Borexino is a particle physics experiment to study low energy (sub-MeV) solar neutrinos. The detector is the world's most radio-pure liquid scintillator calorimeter. It is placed within a stainless steel sphere which holds the photomultiplier tubes (PMTs) used as signal detectors and is shielded by a water tank to protect it against external radiation and tag incoming cosmic muons that manage to penetrate the overburden of the mountain above.
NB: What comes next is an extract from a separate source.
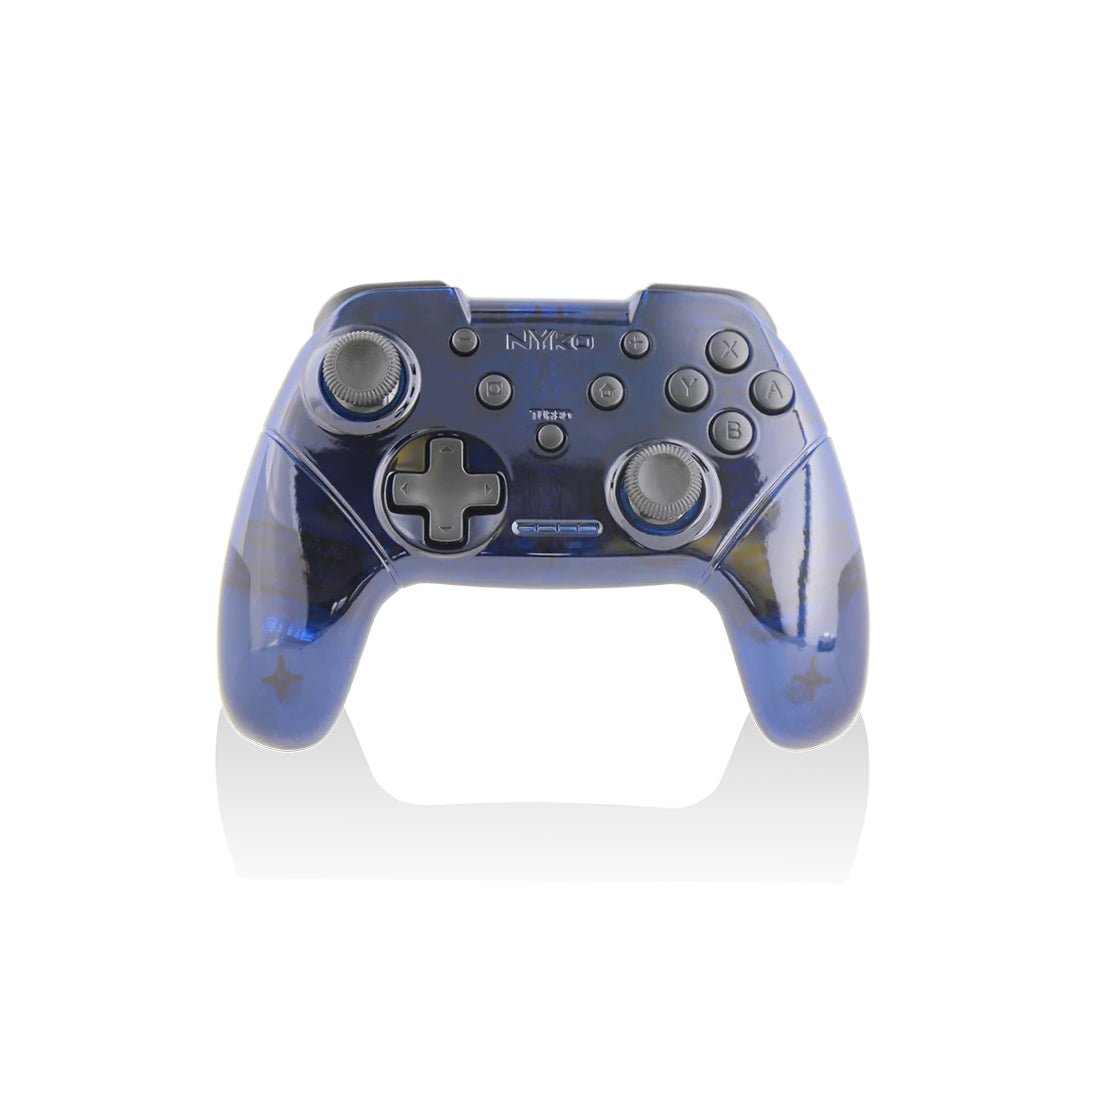 Nyko Wireless Core Controller for Nintendo Switch - Blue/White - Store 974 | ستور ٩٧٤

The primary aim of the experiment is to make a precise measurement of the individual neutrino fluxes from the Sun and compare them to the Standard solar model predictions. This will allow scientists to test and to further understand the functioning of the Sun (e.g.,  nuclear fusion processes taking place at the core of the Sun, solar composition, opacity, matter distribution, etc.) and will also help determine properties of neutrino oscillations, including the MSW effect. Specific goals of the experiment are to detect beryllium-7, boron-8, pp, pep and CNO solar neutrinos as well as anti-neutrinos from the Earth and nuclear power plants. The project may also be able to detect neutrinos from supernovae within our galaxy with a special potential to detect the elastic scattering of neutrinos onto protons, due to neutral current interactions. Borexino is a member of the Supernova Early Warning System. Searches for rare processes and potential unknown particles are also underway.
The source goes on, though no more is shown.